Linux live kernel patching

tanked · Mar 4, 2015

http://www.zdnet.com/article/no-reboot-patching-comes-to-linux-4-0/

Is something like this being worked on for FreeBSD? Do we event want something like this i.e. is it an attack vector?

Cthulhux · Mar 4, 2015

Yes, it is; but, even worse, it's a potential crash vector. Would you replace your car's motor while driving on the highway?

gkontos · Mar 4, 2015

Cthulhux said:
Yes, it is; but, even worse, it's a potential crash vector. Would you replace your car's motor while driving on the highway?

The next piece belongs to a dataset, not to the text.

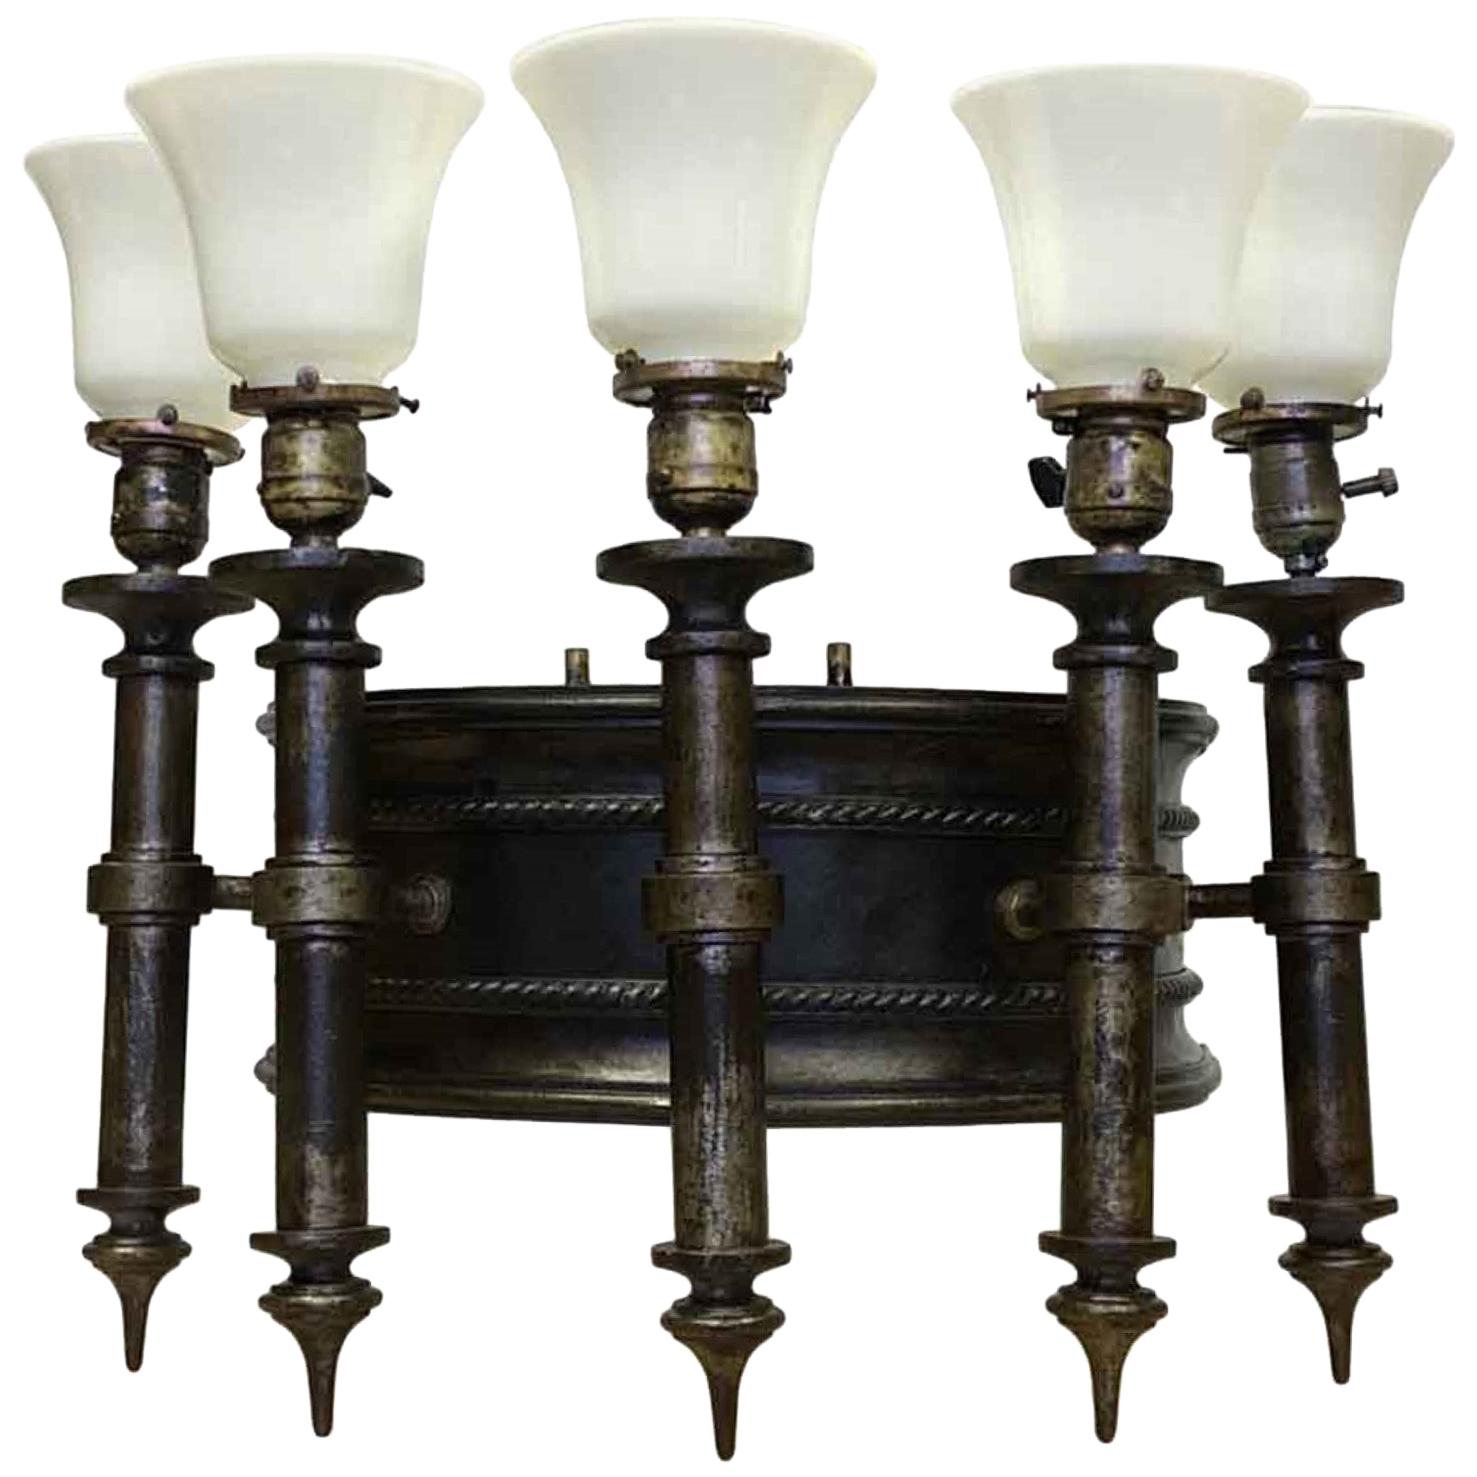 Medieval Wall Lights and Sconces - 26 For Sale at 1stDibs

No, but fighter jets get refueled while flying all the time so, your example is not very good....

Cthulhux · Mar 4, 2015

Refueled but not equipped with a new engine. A kernel roughly equals the engine, not its fuel (the userland; which works on the fly indeed).

roddierod · Mar 4, 2015

OpenVMS/VMS used to do this and it was known for it's stability. Not say the Linux method is going to be rock solid or anything, just that if engineered correctly and implemented properly it can be done. But then again I don't think this is being engineered by DEC engineers.

gkontos · Mar 4, 2015

Live patching is really something interesting in general. I would really love to see some of my FreeBSD machines having good uptimes. Right now, the only reason why I need to reboot them is only for applying KERNEL patches or system upgrades.

John Call · Mar 5, 2015

gkontos said:
Live patching is really something interesting in general. I would really love to see some of my FreeBSD machines having good uptimes. Right now, the only reason why I need to reboot them is only for applying KERNEL patches or system upgrades.

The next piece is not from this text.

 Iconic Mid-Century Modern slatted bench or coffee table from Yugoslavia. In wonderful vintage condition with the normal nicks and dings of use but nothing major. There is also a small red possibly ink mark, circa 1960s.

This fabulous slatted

Hmm. I turn off my computers when I don't need them, but only the PCs. Are you talking about mission-critical servers? Because otherwise, long uptime is just a waste of electricity for no added benefit, assuming you do not use your desktop 24/7.

gkontos · Mar 5, 2015

John Call said:
Hmm. I turn off my computers when I don't need them, but only the PCs. Are you talking about mission-critical servers? Because otherwise, long uptime is just a waste of electricity for no added benefit, assuming you do not use your desktop 24/7.

Welcome, you are a new member so I am not going to have you for dinner, yet...

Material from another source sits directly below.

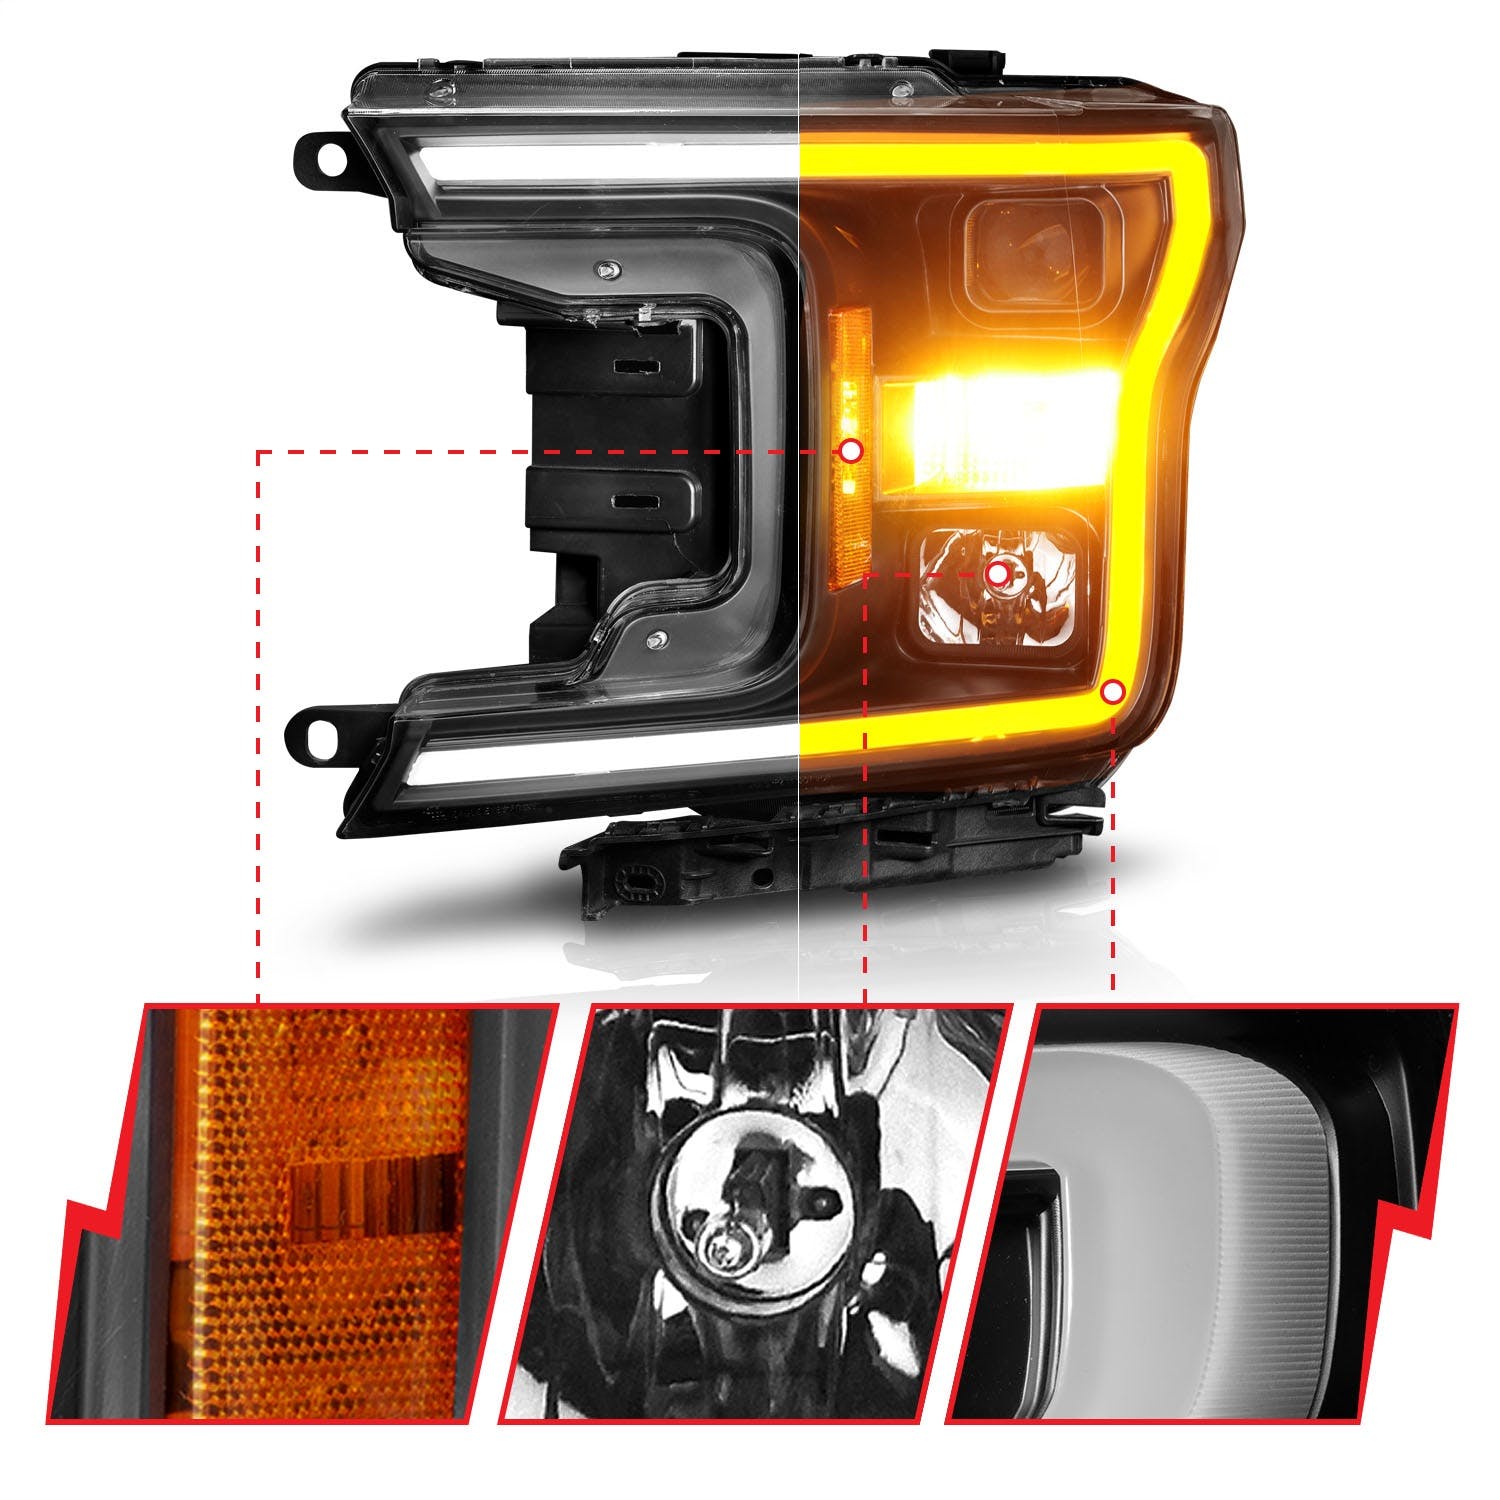 AnzoUSA 111509 Projector Headlight with Plank Style Switchback Black Housing
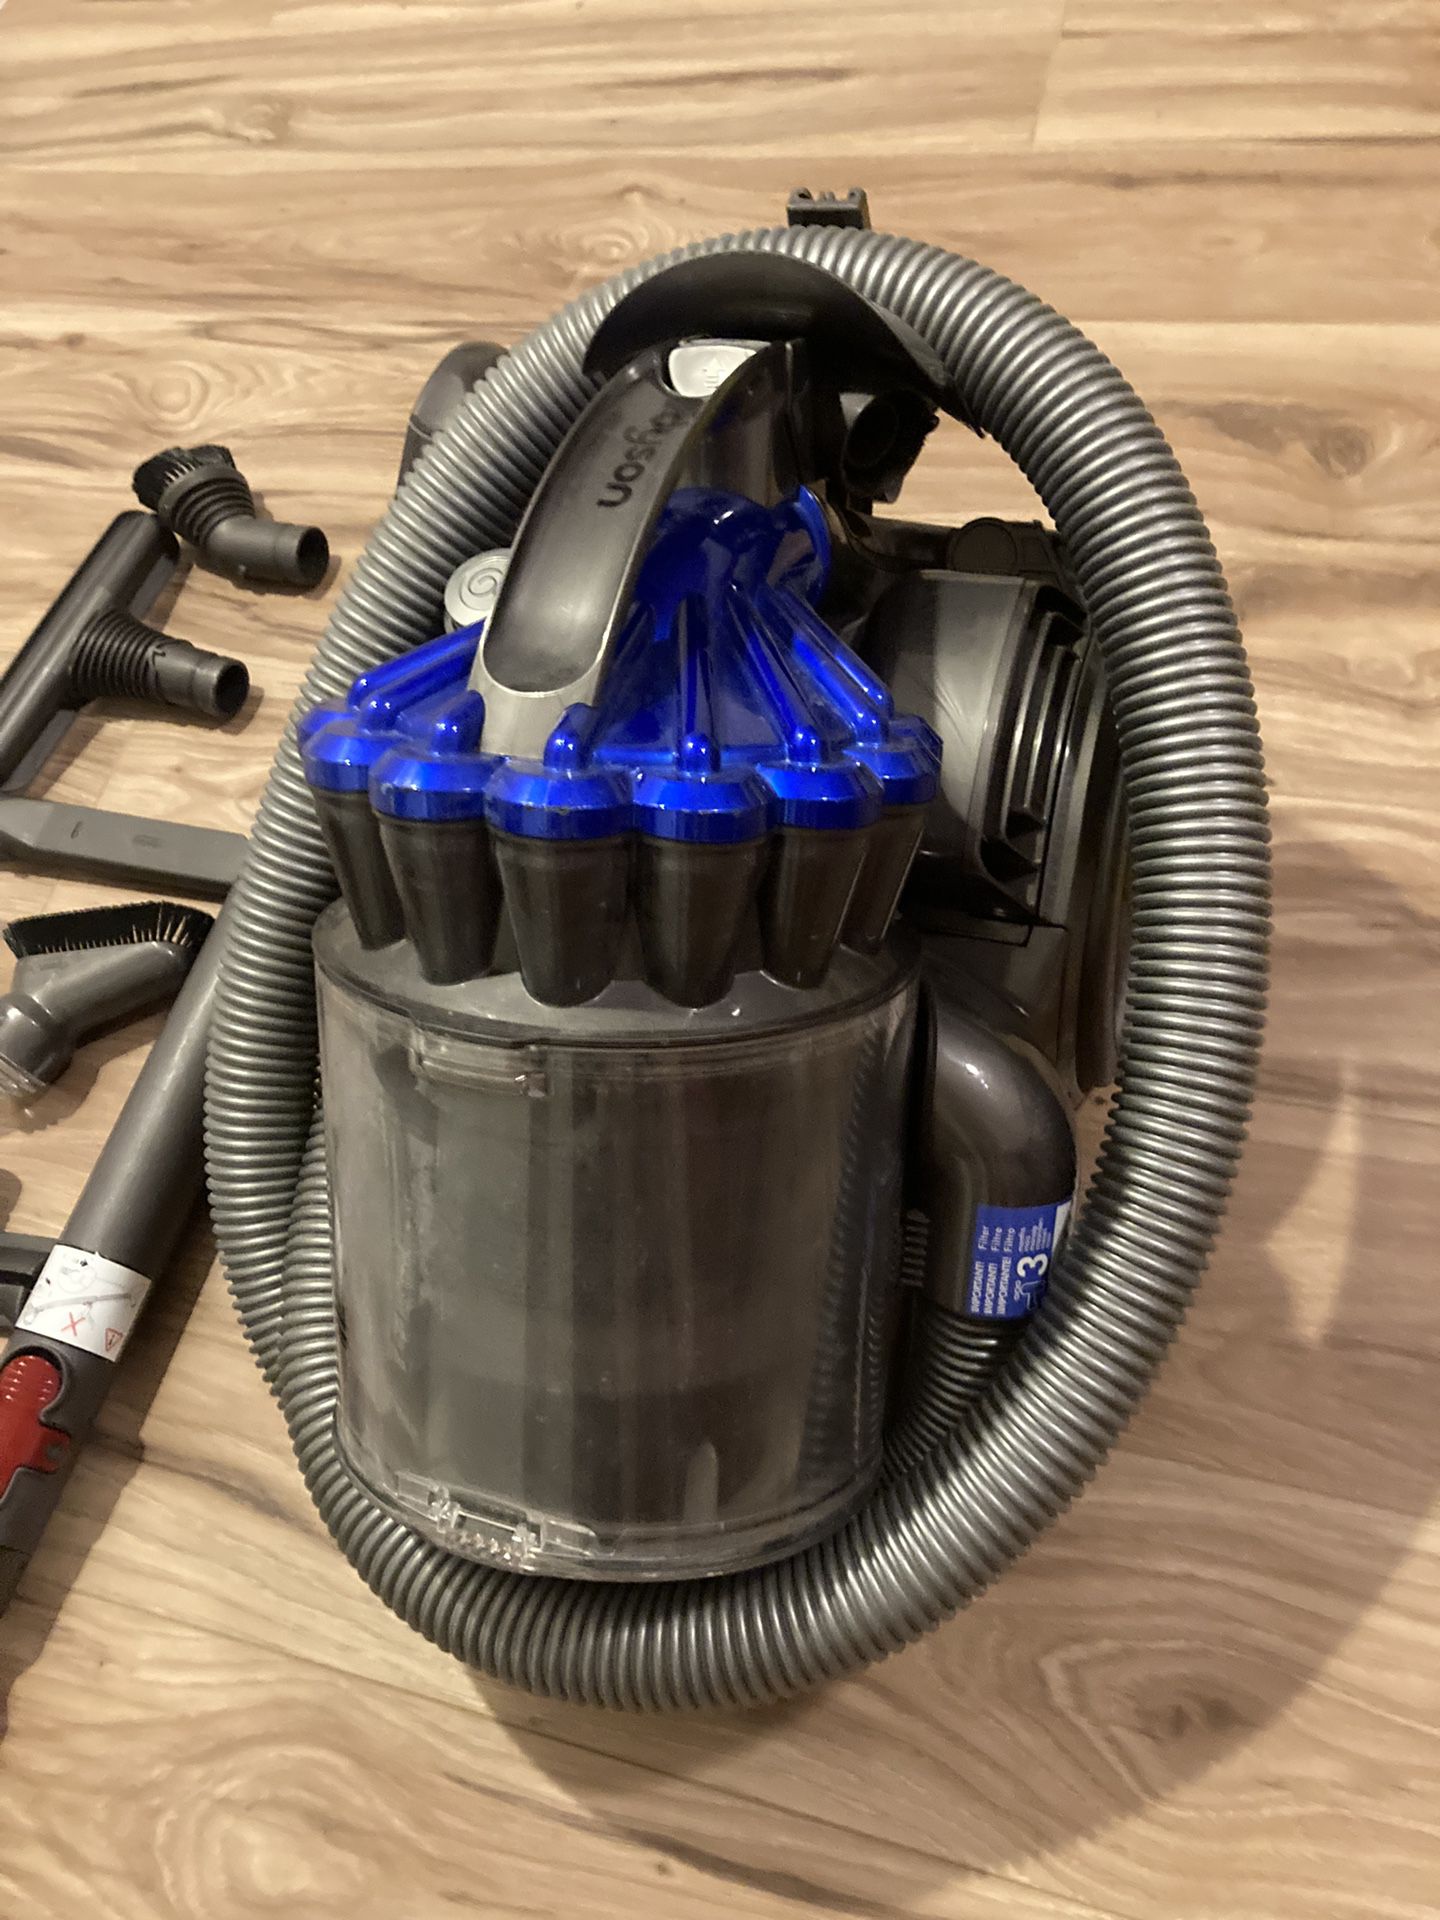 DYSON DC26 MULTI FLOOR COMPACT CANISTER VACUUM CLEANER

I am referring to servers.

protocelt · Mar 5, 2015

I would love to see this in FreeBSD as well for both server and desktop systems.

gkontos · Mar 5, 2015

protocelt said:
I would love to see this in FreeBSD as well for both server and desktop systems.

KERNEL patching applies the same to both servers and desktops.

protocelt · Mar 5, 2015

gkontos said:
KERNEL patching applies the same to both servers and desktops.

I realize that. I suppose I should have worded my reply better, my bad. I personally feel it would be useful for both server and desktop systems.

NewGuy · Mar 6, 2015

I would like to see live patching for FreeBSD kernels. Updating kernels for security patches is about the only reason I reboot my FreeBSD system. Since the servers get scheduled reboots on a regular basis (perhaps once per quarter) it would be nice to be able to live patch the kernel and put off a reboot until the scheduled maintenance window. The current approach, rebooting to apply kernel security updates, interferes with the regular schedule.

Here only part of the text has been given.